** Source information **
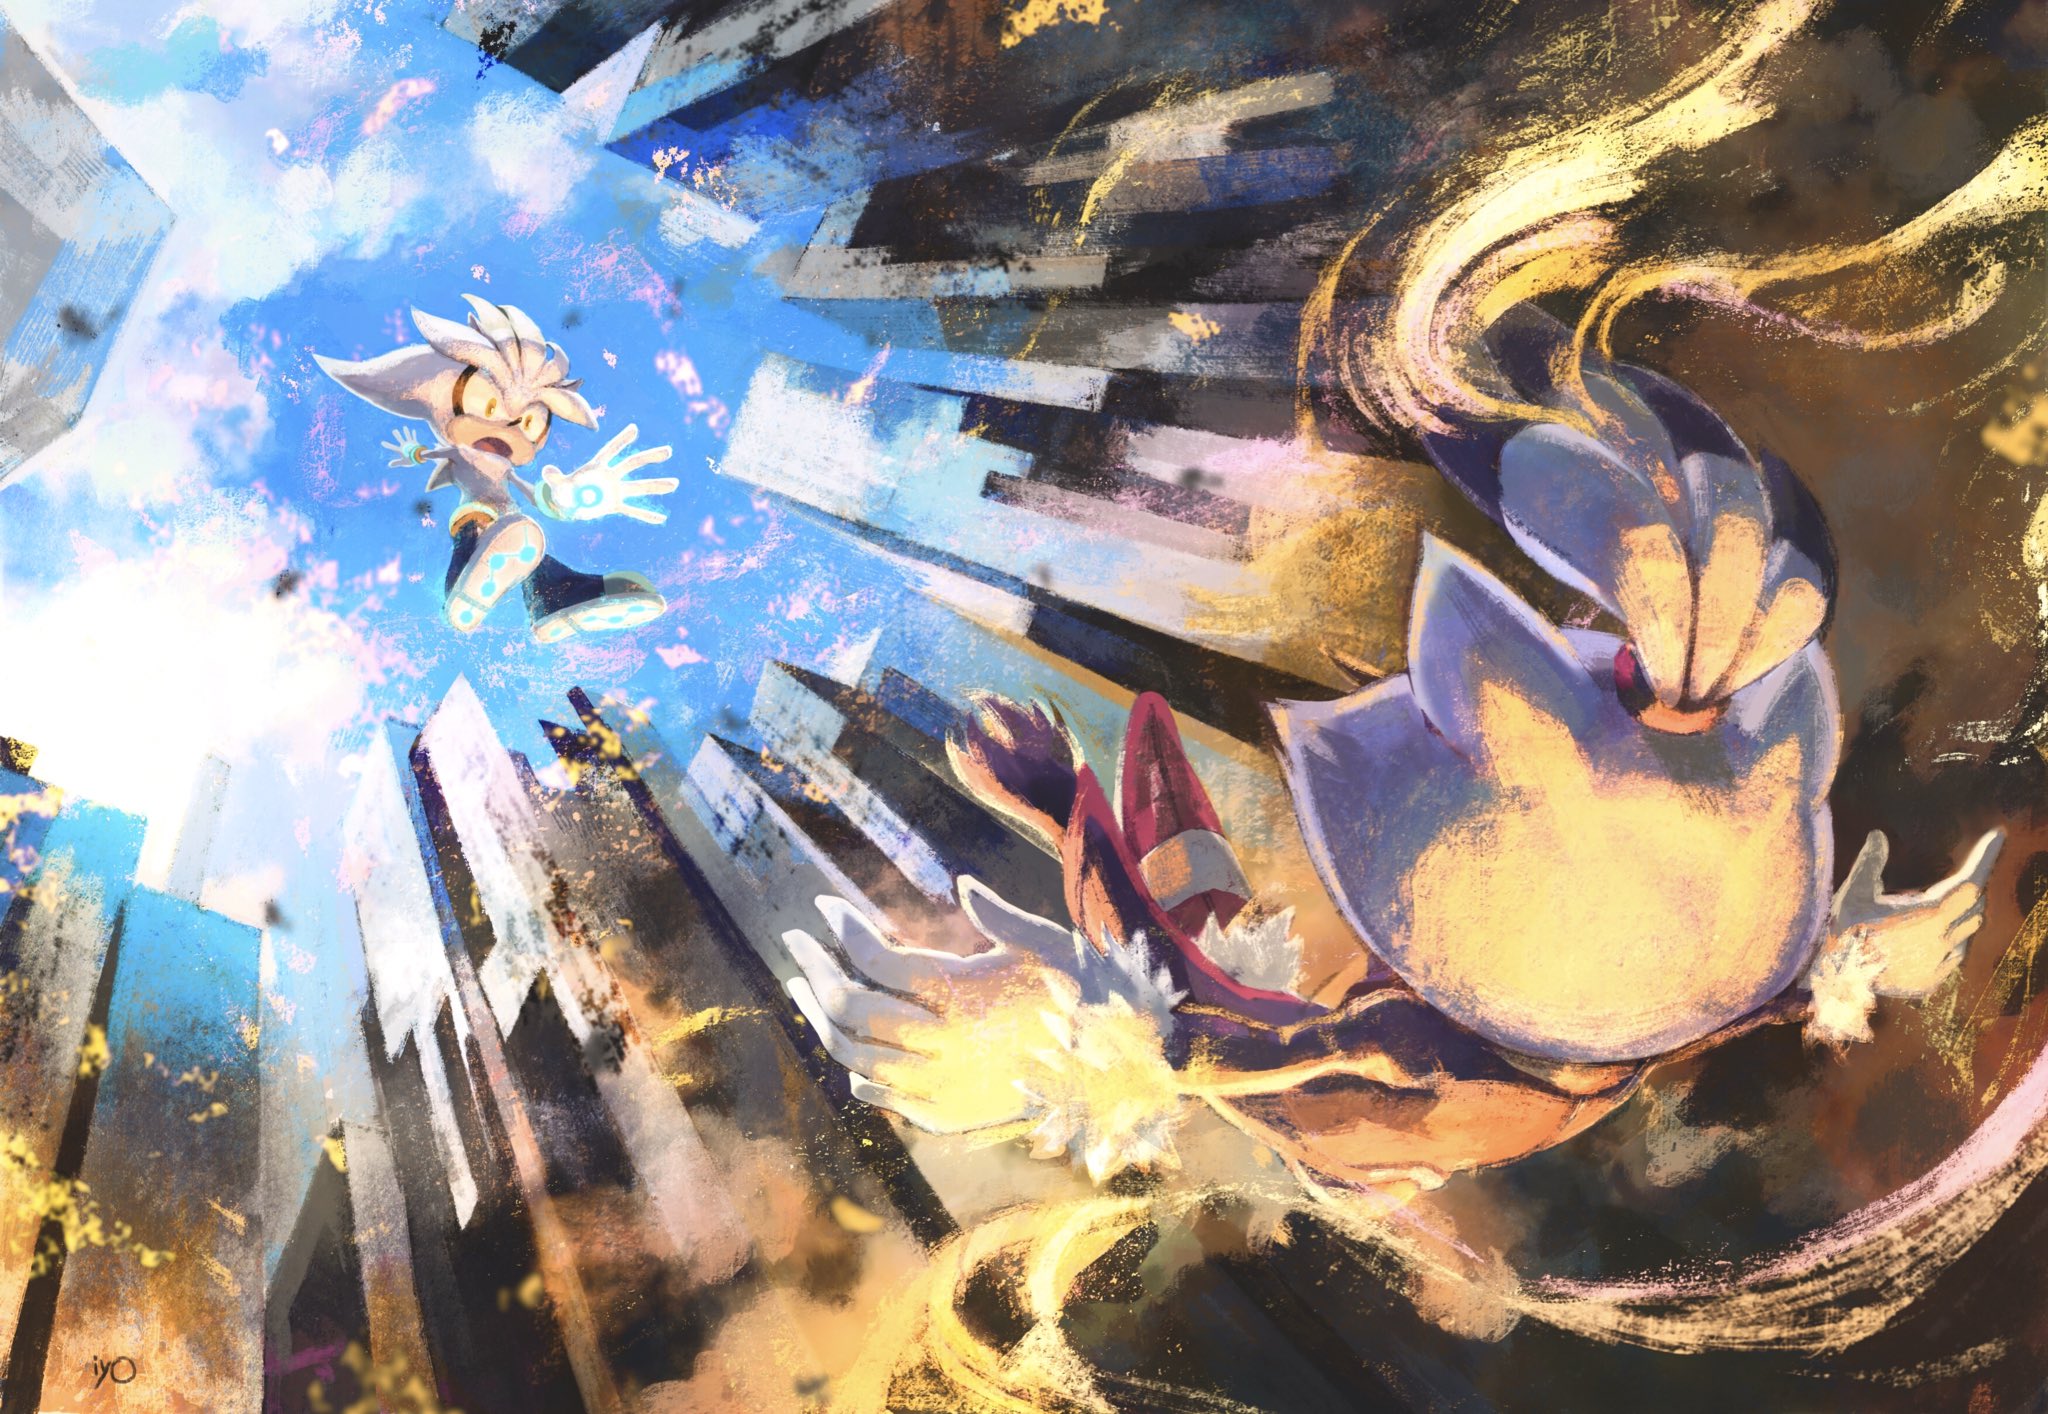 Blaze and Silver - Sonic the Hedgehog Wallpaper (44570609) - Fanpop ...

* * *

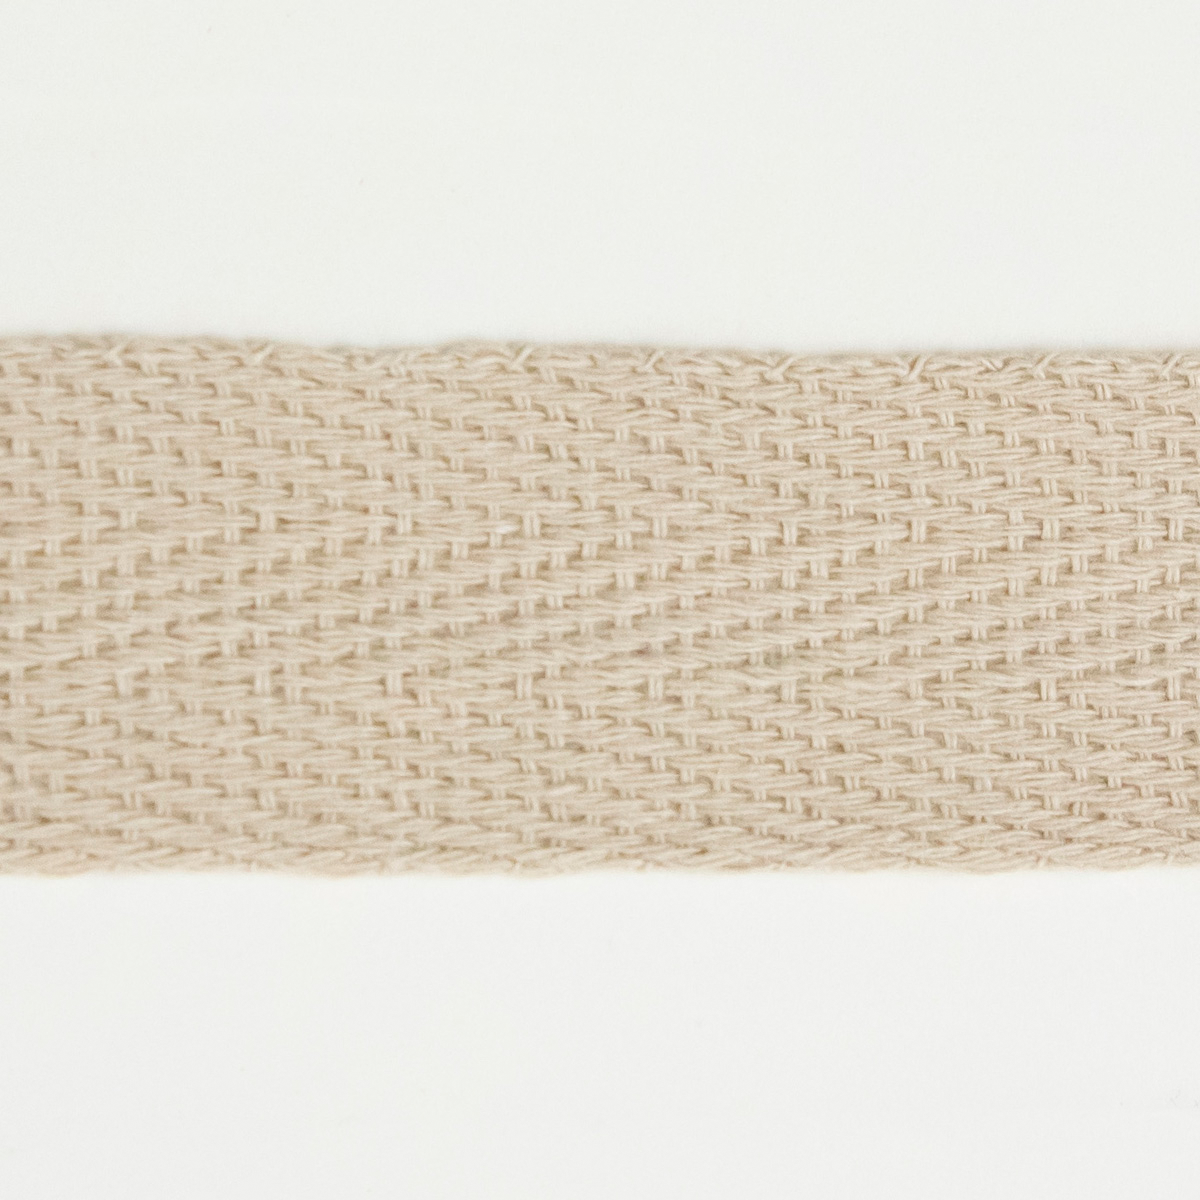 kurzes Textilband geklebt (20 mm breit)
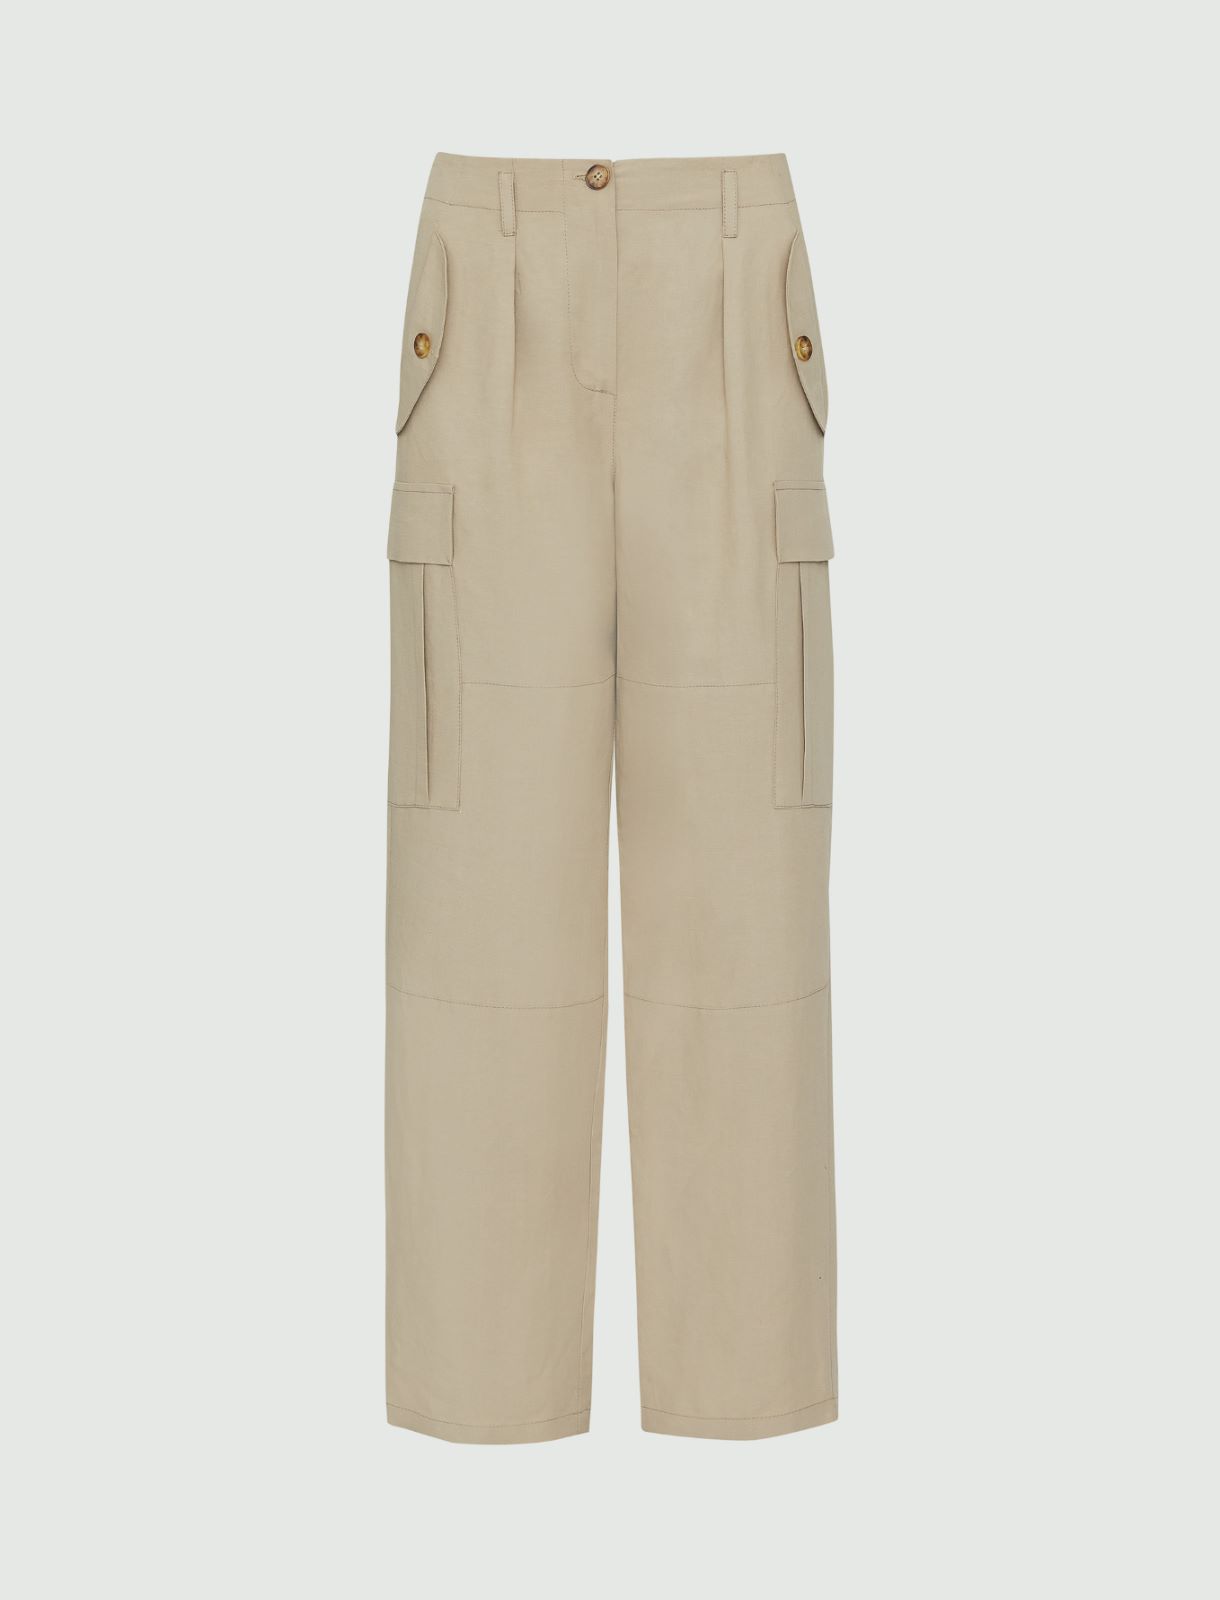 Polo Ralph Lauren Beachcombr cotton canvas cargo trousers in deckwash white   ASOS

--

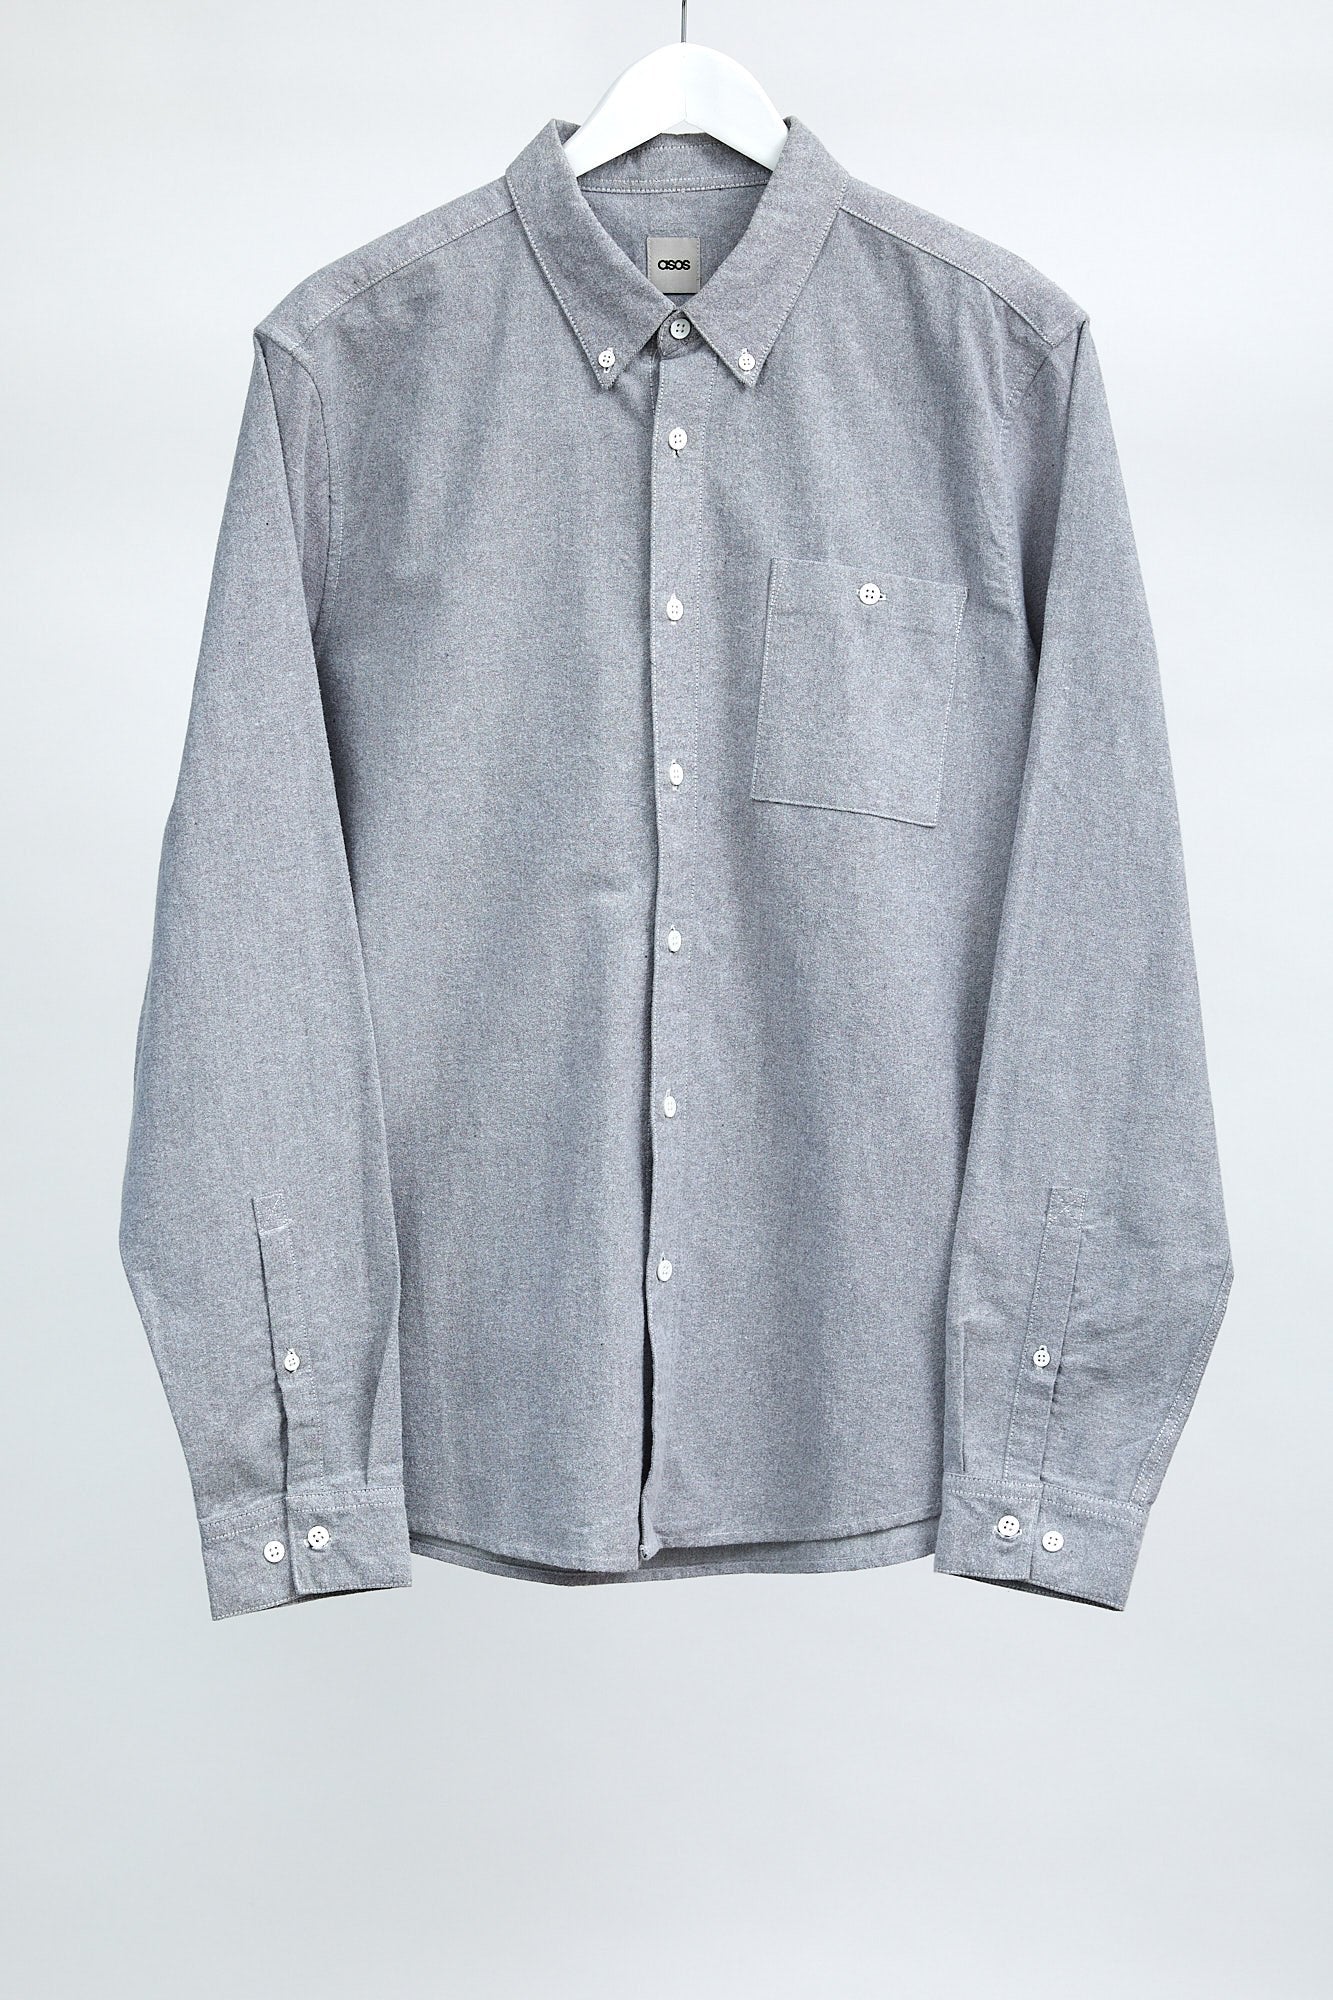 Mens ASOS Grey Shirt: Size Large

** What you are asked to do **
Copy the lines above exactly, starting with the line that contains "kurzes Textilband geklebt (20 mm breit)" and ending with the line that contains "Polo Ralph Lauren", and leave out any pictures.

** Answer to this problem **
 kurzes Textilband geklebt (20 mm breit)
 Polo Ralph Lauren Beachcombr cotton canvas cargo trousers in deckwash white   ASOS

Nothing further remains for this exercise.